Six- course lute after Frei

6-course lute after Frei, c. 1550
By BC luthier Clive Titmuss, 2015
$4,200 CAD
$3,130 USD

(Click for larger image)

The six-course lute occupies a special place in the history of the instrument: There is a vast wealth of music from most of the countries of Western Europe, most of it printed. This means that the best composers were careful about their work, and much of it is easily read in the original notation. Unlike later lutes, Italian, German and French tablatures are numerous.

This instrument is not a copy of any particular historical example, because very few (maybe three!) exist in their original form. They were later converted, and so reverse engineering is required to make one. By following the record provided by contemporary images, we can see the way the neck and body related, details of peg design and other feature. Holbein’s: The Ambassadors provides a wealth of details, for example.

This instrument is made from Amazon rosewood, with extraordinarily straight grain (although many rib blanks were marred by oil and sap pockets), which has the property of imparting great and almost steely projection. This is a wood with the highest density, and a correspondingly strong spring back after bending. You can hear it.

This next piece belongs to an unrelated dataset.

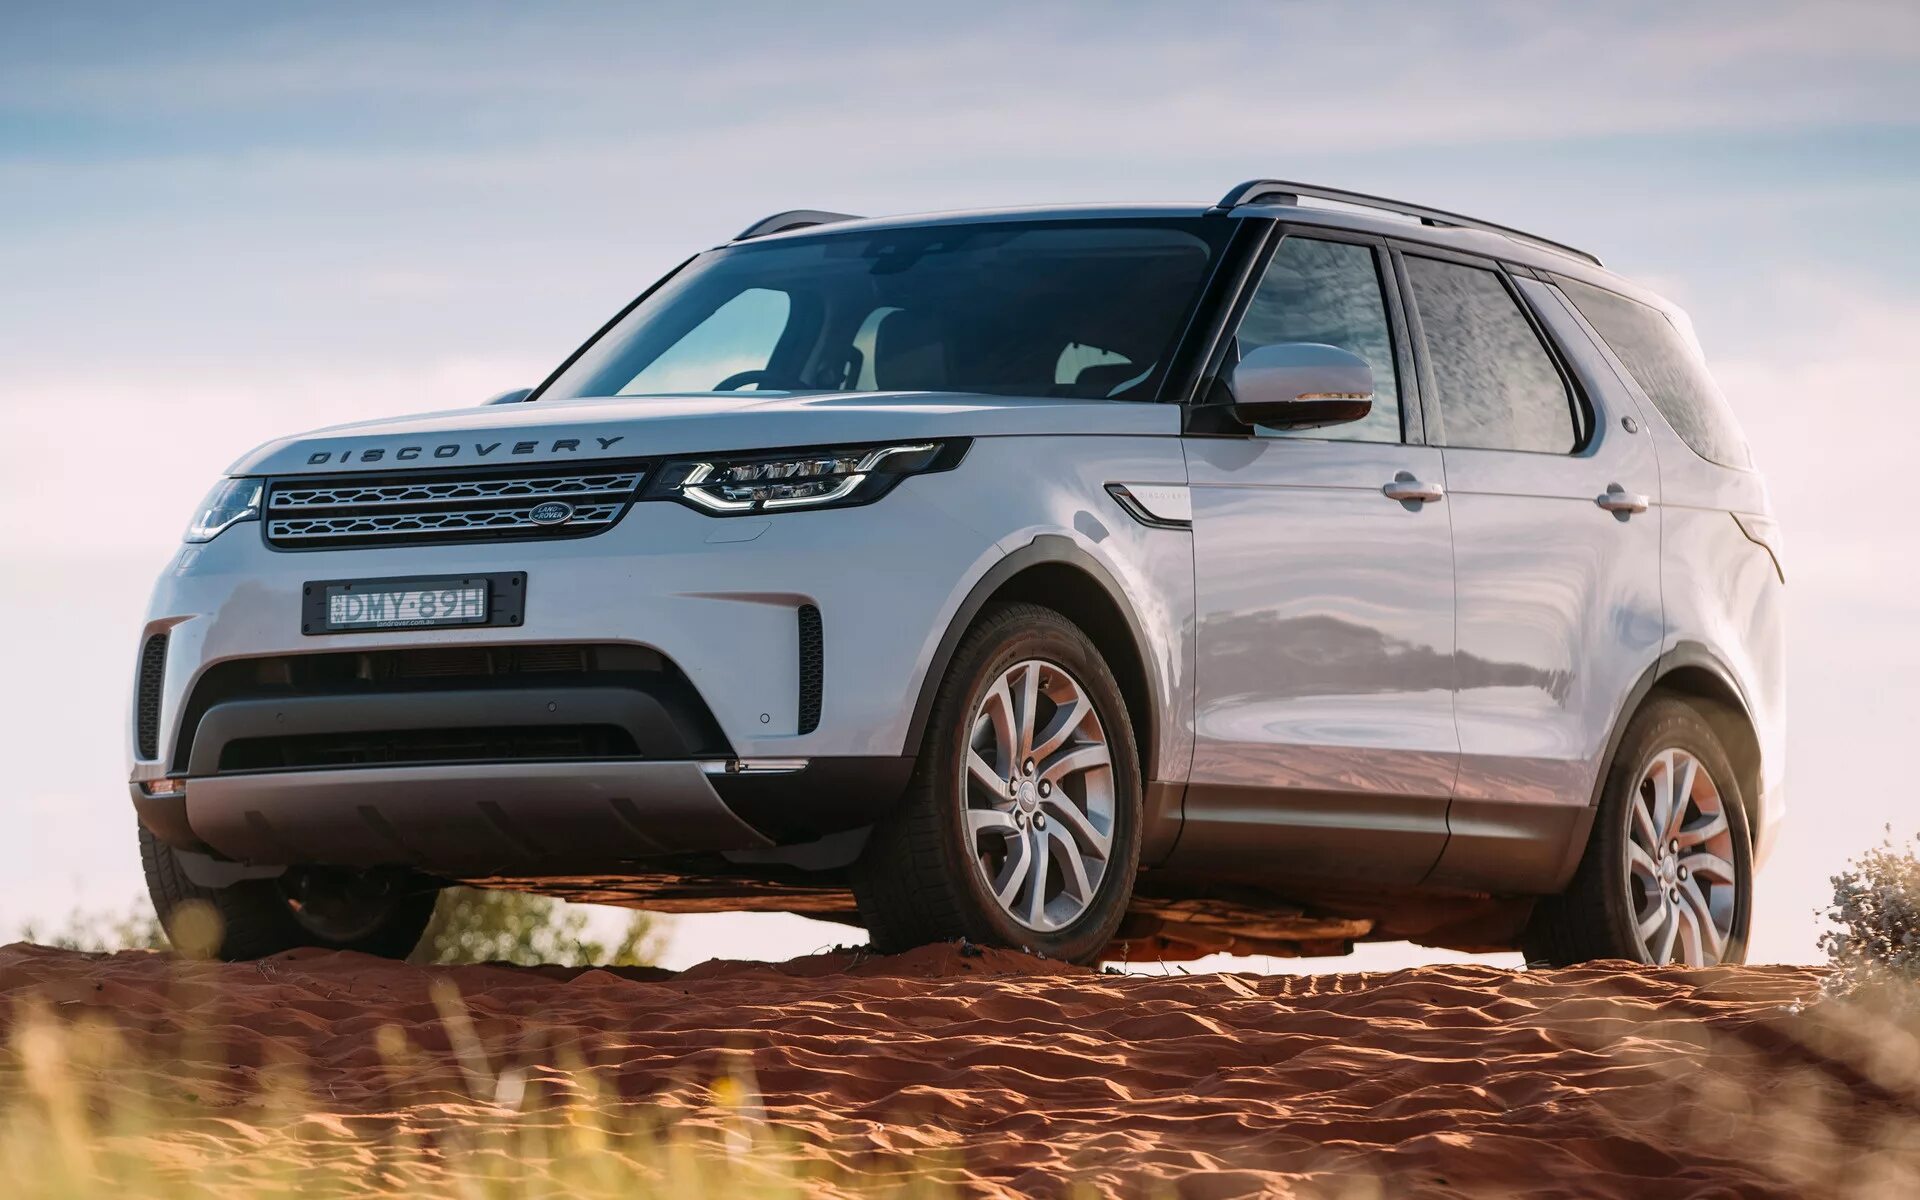 Land Rover Discovery 2022. Ленд Ровер Discovery 2017. Ленд Ровер Дискавери 4 2017. Ленд Ровер Дискавери 2021. Дискавери 720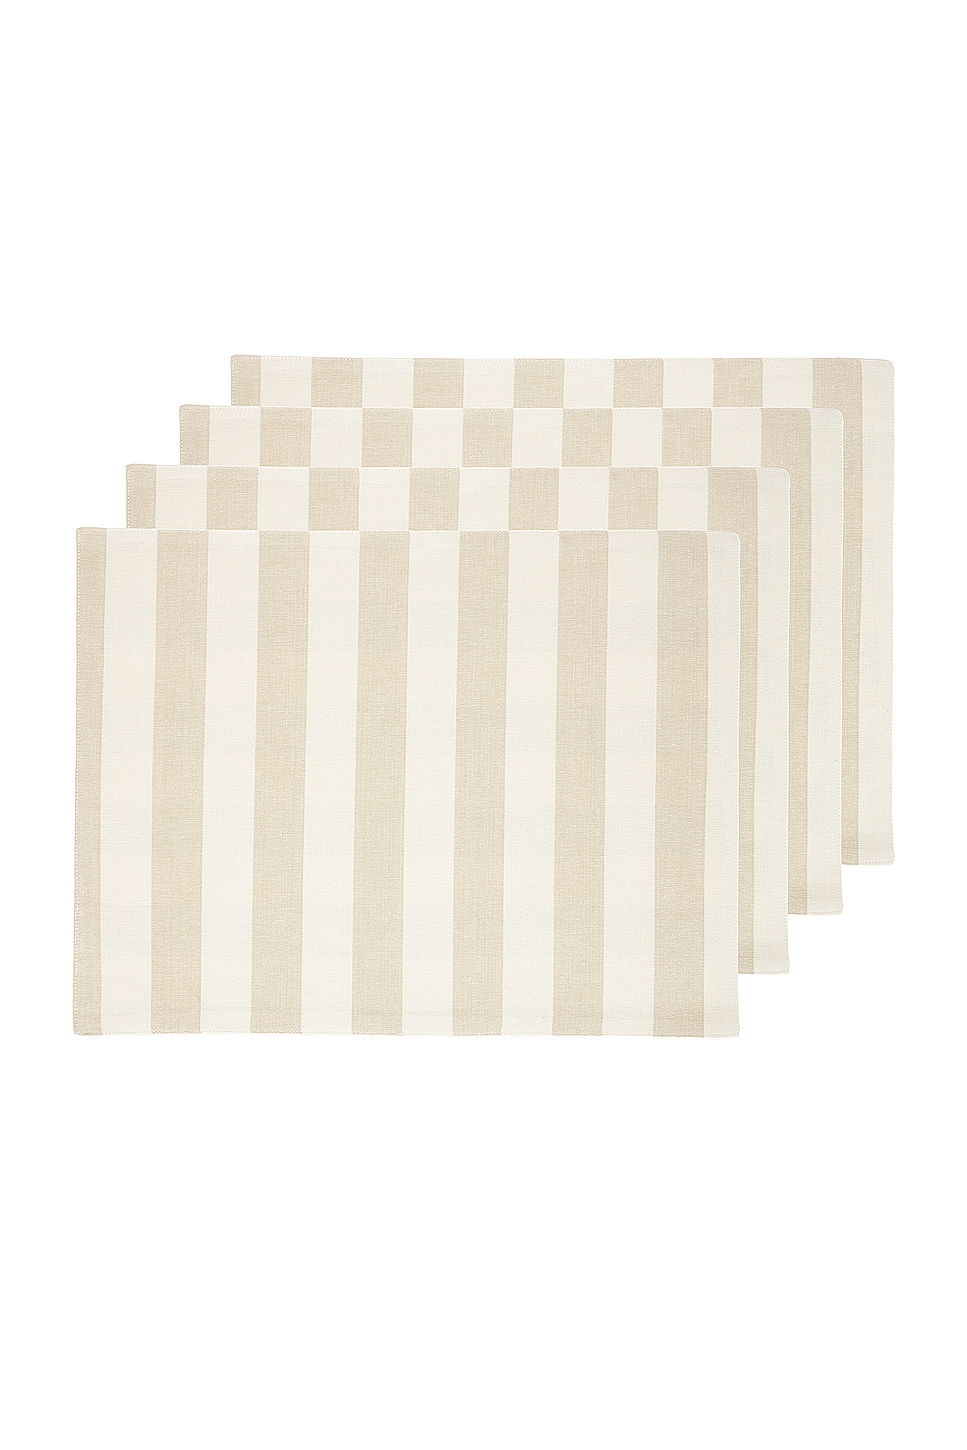 Image 1 of HAWKINS NEW YORK Essential Striped Set Of 4 Placemats in Ivory & Flax

I veneered the neck and pegbox with material unusable for ribs, and this is offset with holly spacers, almost white. There is no finish, only the polishing of the wood itself, filling the pores with beeswax, a historical finish. The top is a fine-grained and somewhat softer piece of Engelmann spruce from my home in BC, and it helps to make the lute warmer-sounding than the influence rosewood normally would impart.

It is without the usual beards, the tiny graces which mark instruments of the second half of the century; there is no binding. The pegs are boxwood, with a heart-shaped head used one surviving instrument by Gerle. The rose is also unusual, being pattern collected and drawn in the eighteenth century by a French draftsman, found in a book of late medieval Arabic ornamental stone work, it looks like a variation on a well-known pattern, but with subtle differences–the circles and points.
After having made more than a dozen six course lutes with various designs, this is undoubtedly my finest one.

 

All instruments built by Clive Titmuss come with custom-fitted cases.
Prices do not include shipping and insurance.